# TASK TO CARRY OUT
Lines before the one containing "Champion Pet Foods" are not copied; that line and every one after it, through the end of the material below, are printed exactly, without pictures.

# DATASET EXTRACT
○ ○ ○ ○ ○ ○ ○

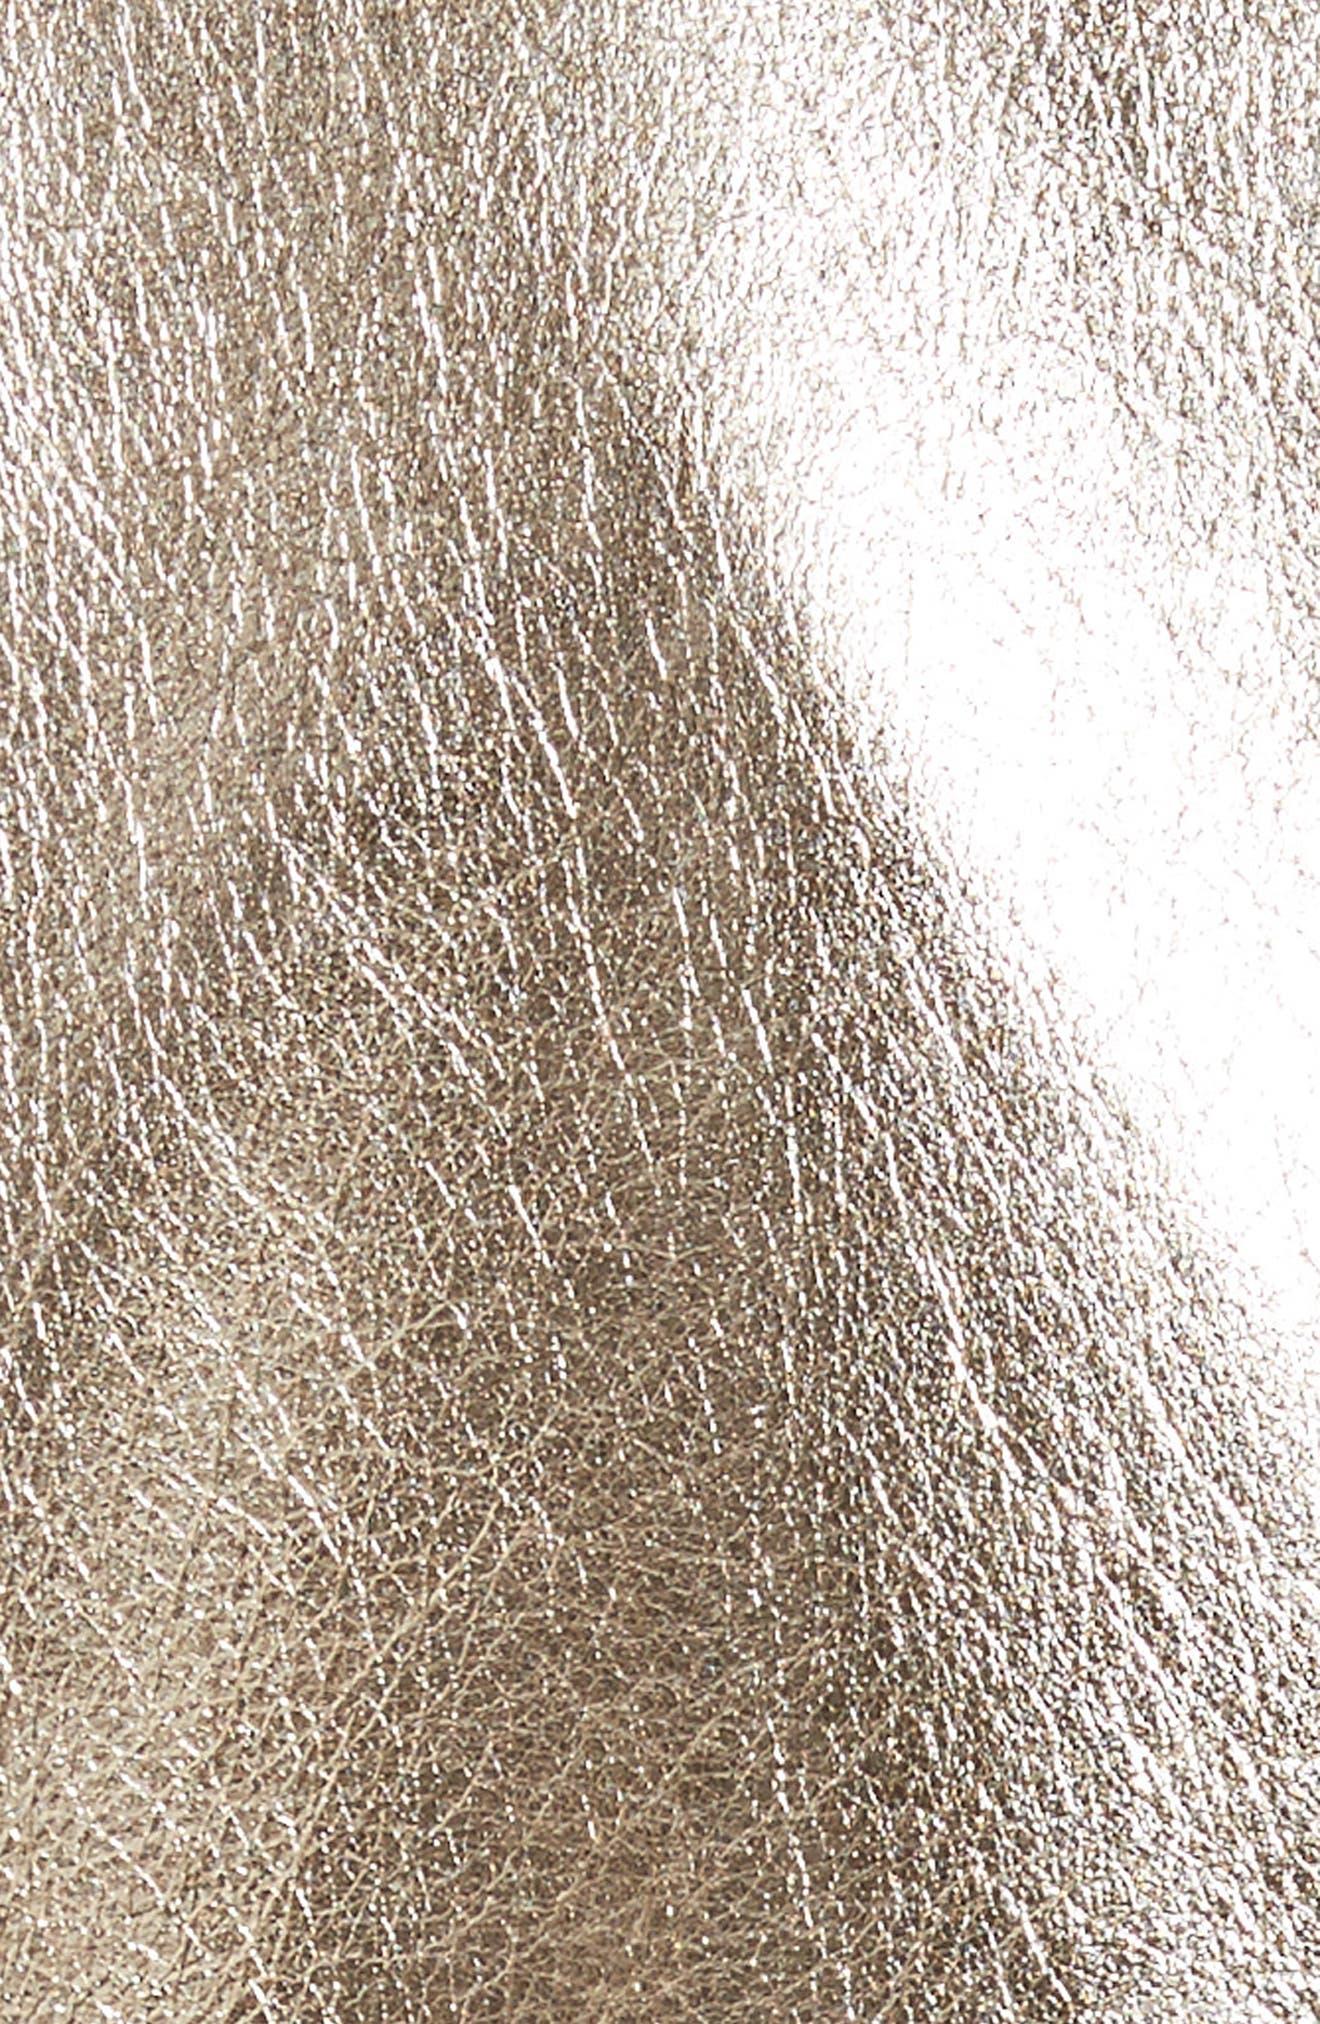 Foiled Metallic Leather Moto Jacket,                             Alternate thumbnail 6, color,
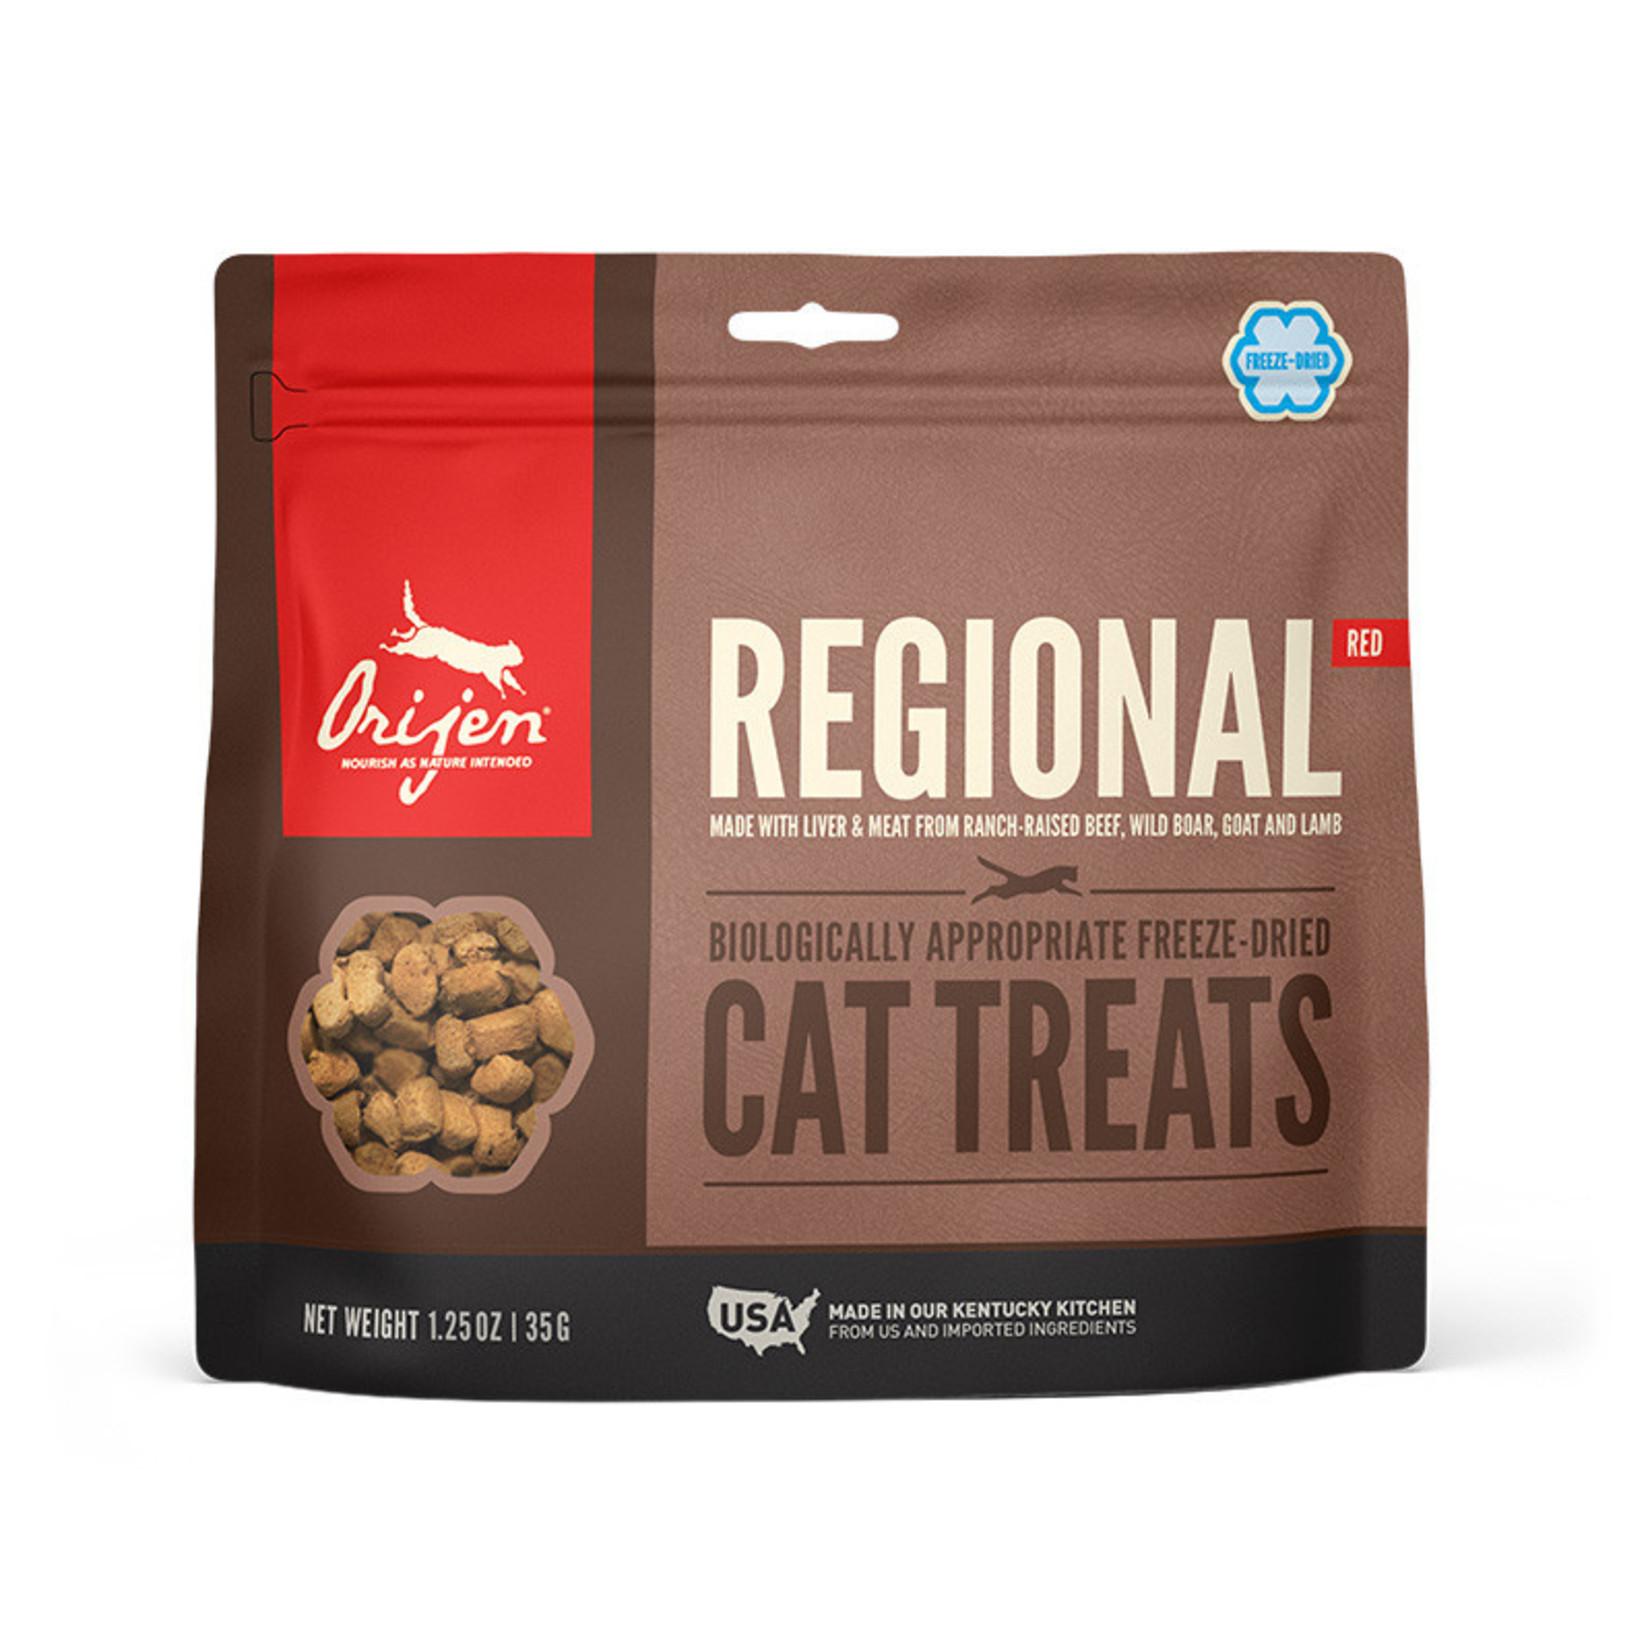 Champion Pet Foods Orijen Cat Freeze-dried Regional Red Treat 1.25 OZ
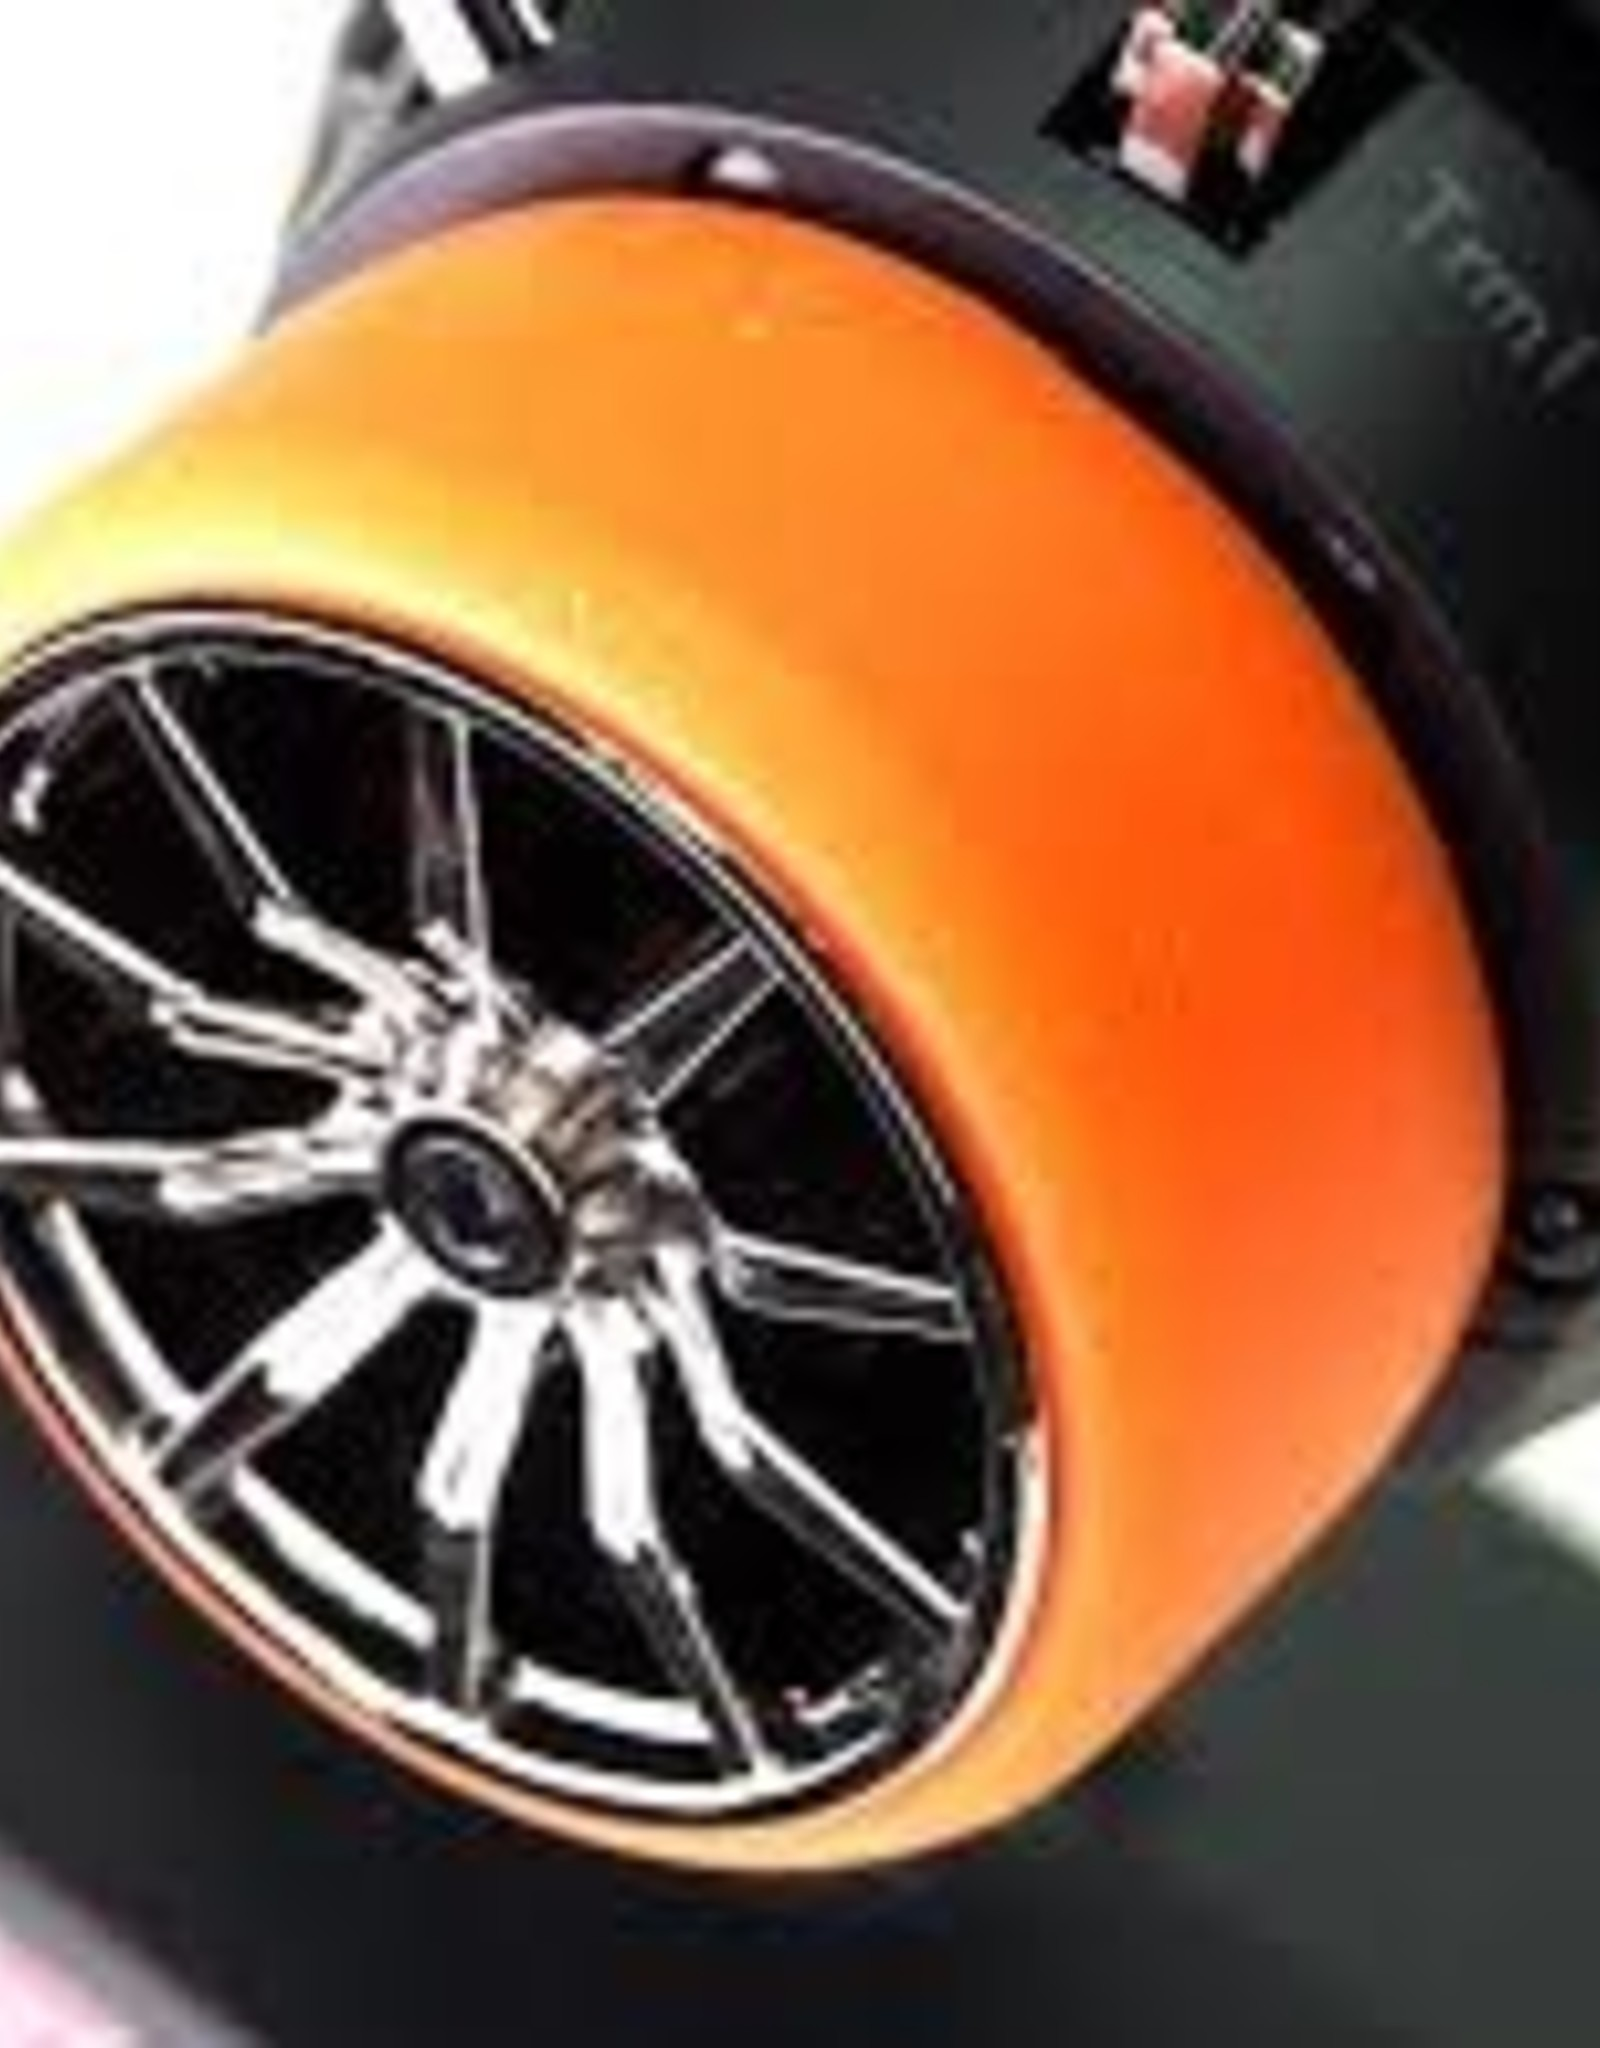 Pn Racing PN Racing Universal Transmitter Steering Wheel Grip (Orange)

○ ○ ○ ○ ○ ○ ○

# ANSWER TO THIS EXERCISE
 Champion Pet Foods Orijen Cat Freeze-dried Regional Red Treat 1.25 OZ
 Pn Racing PN Racing Universal Transmitter Steering Wheel Grip (Orange)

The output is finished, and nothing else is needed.